Segment Open

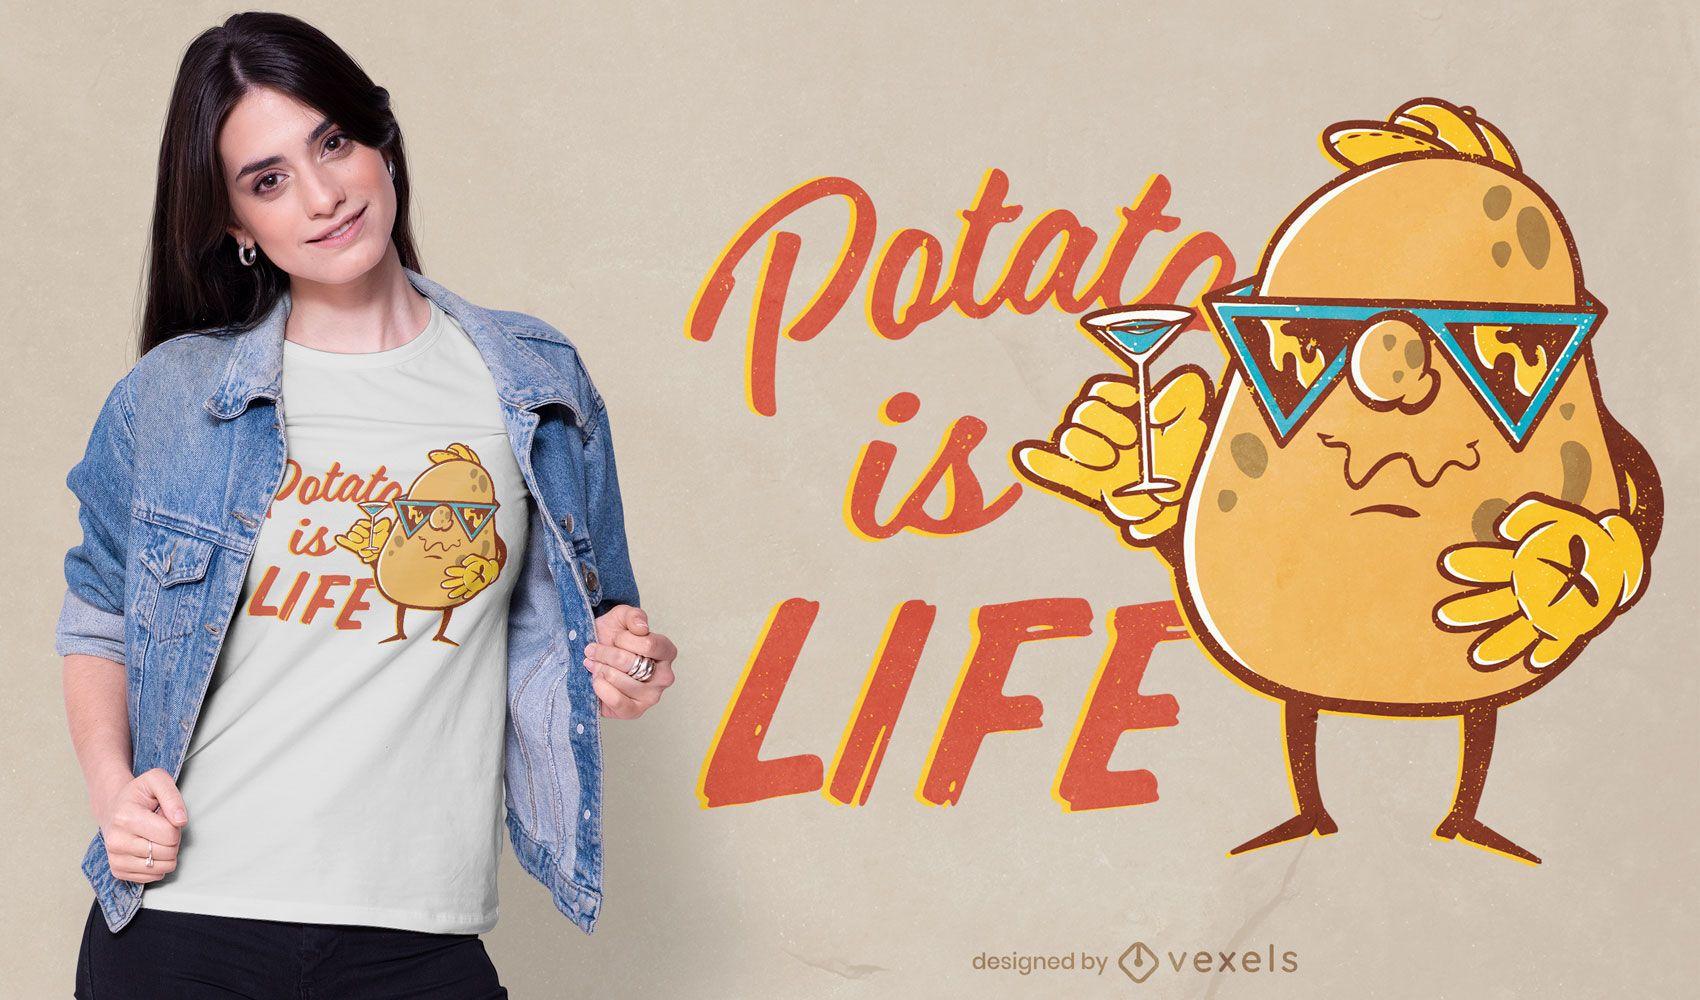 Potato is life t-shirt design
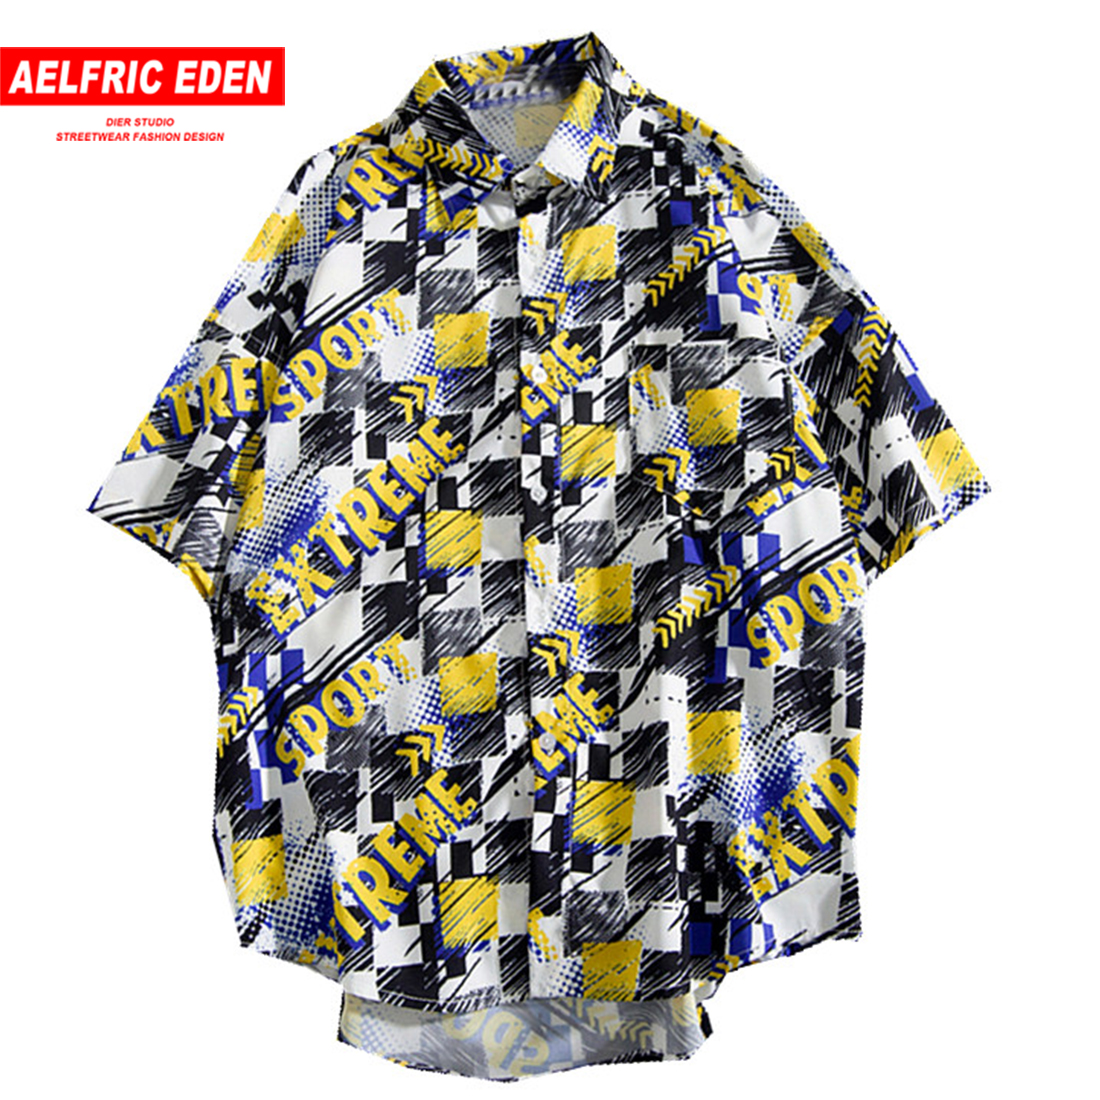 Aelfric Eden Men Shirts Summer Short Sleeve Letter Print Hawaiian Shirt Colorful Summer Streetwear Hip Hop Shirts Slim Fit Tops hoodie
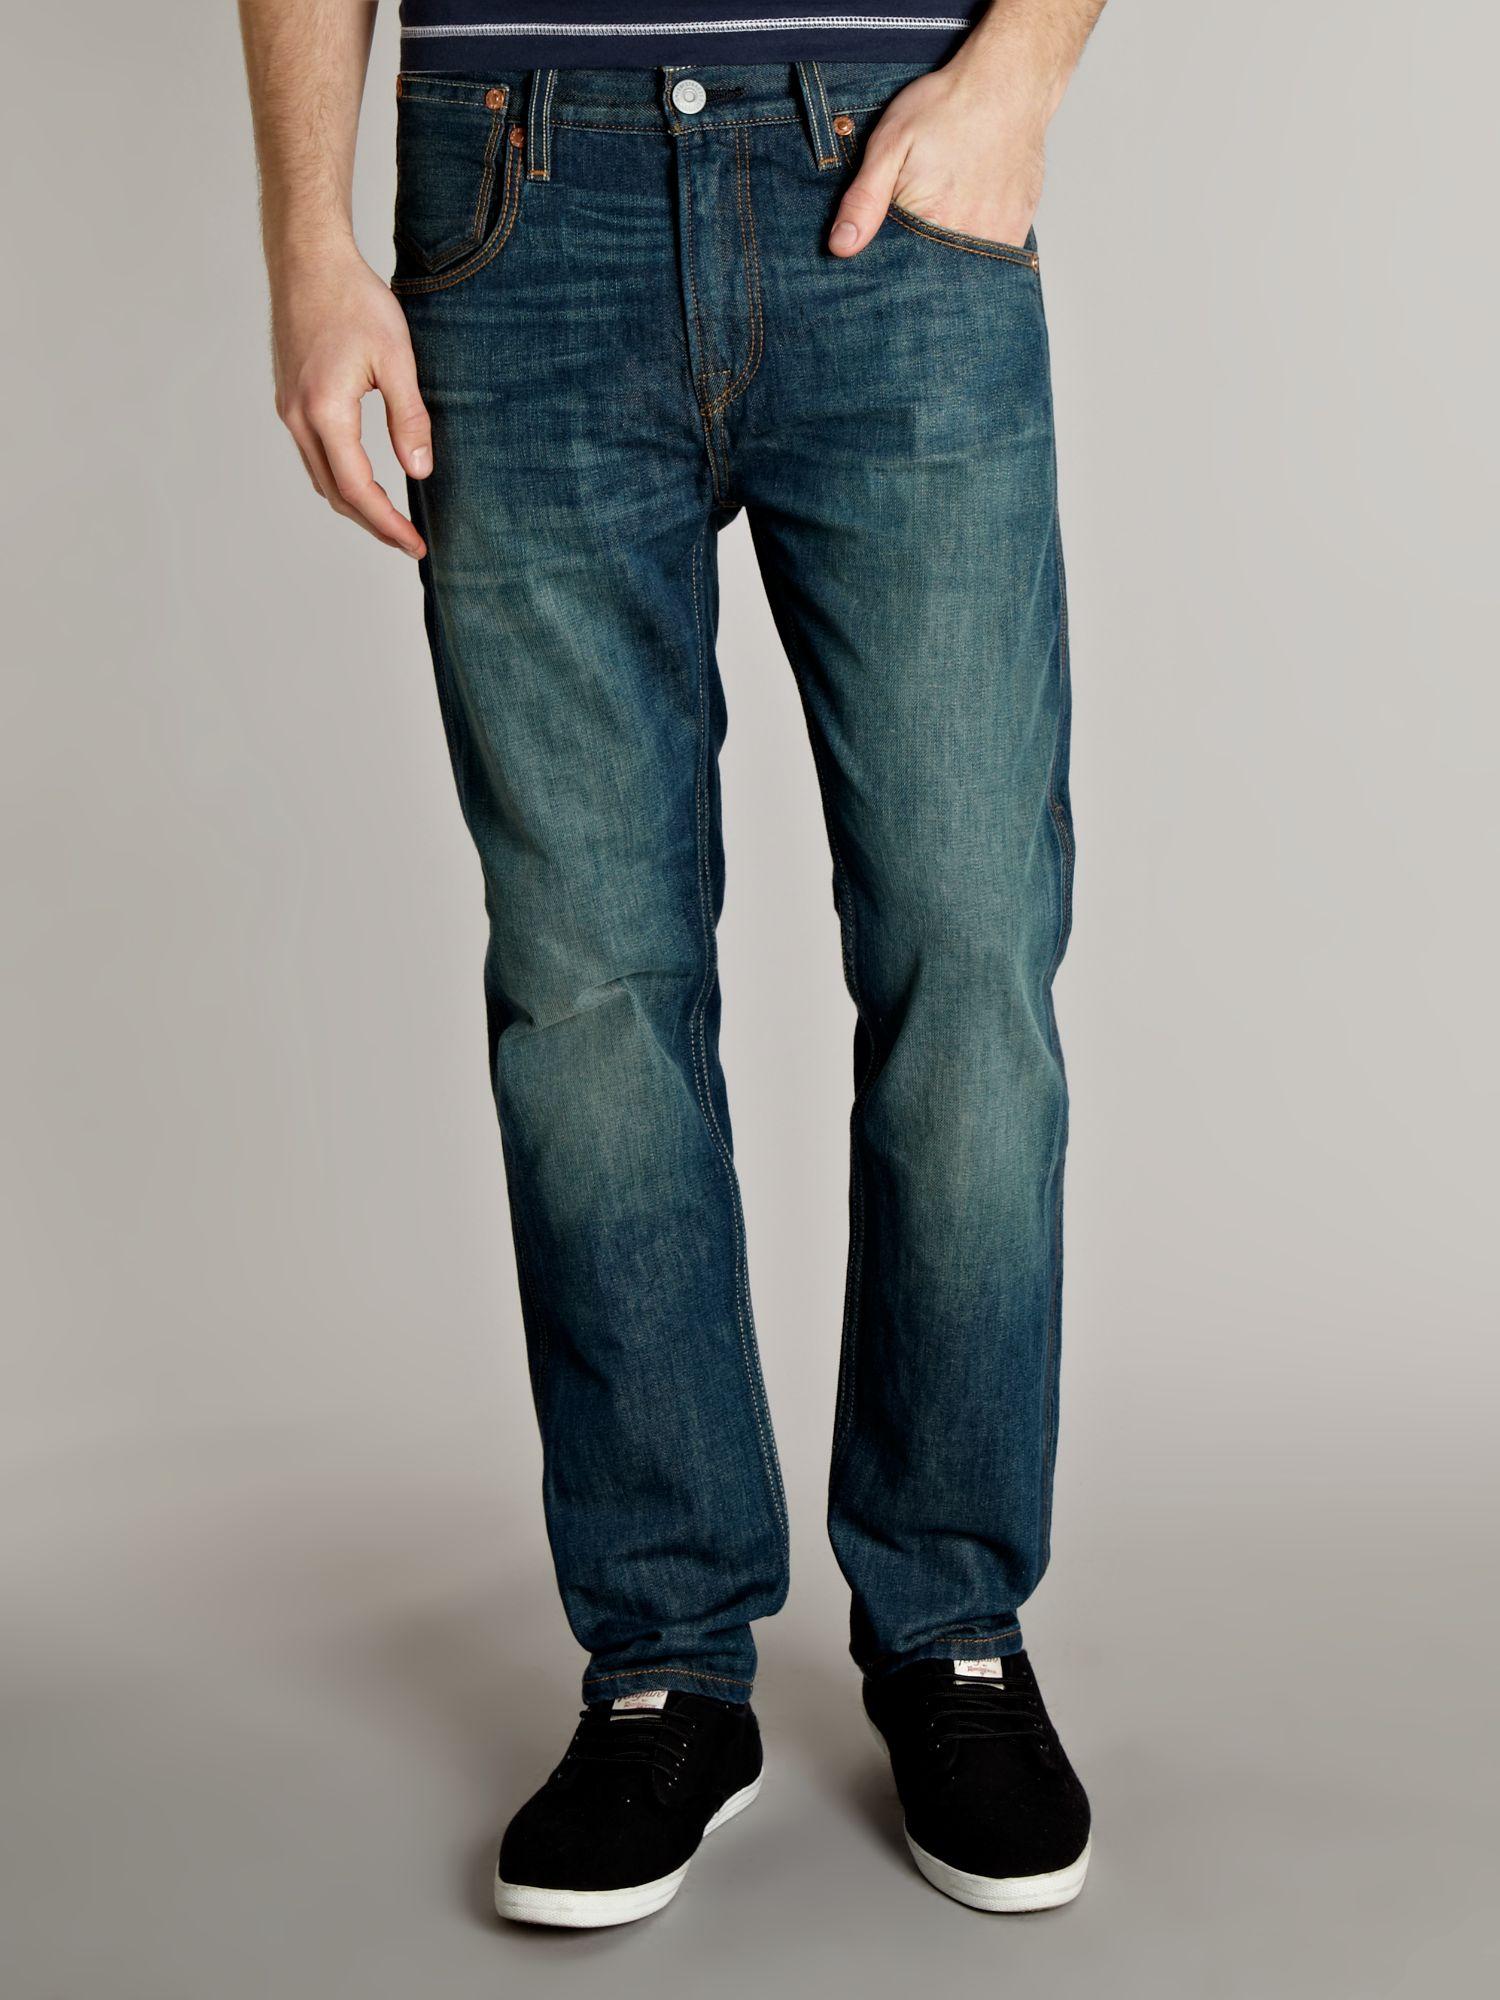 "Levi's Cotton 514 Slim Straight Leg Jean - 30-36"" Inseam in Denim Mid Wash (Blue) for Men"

Segment Closed

DIRECTIONS FOR THIS TASK:
Please repeat each line above exactly as it appears, but omit the pictures.

FINISHED EXERCISE:
 Potato is life t-shirt design
 Aelfric Eden Men Shirts Summer Short Sleeve Letter Print Hawaiian Shirt Colorful Summer Streetwear Hip Hop Shirts Slim Fit Tops hoodie
 "Levi's Cotton 514 Slim Straight Leg Jean - 30-36"" Inseam in Denim Mid Wash (Blue) for Men"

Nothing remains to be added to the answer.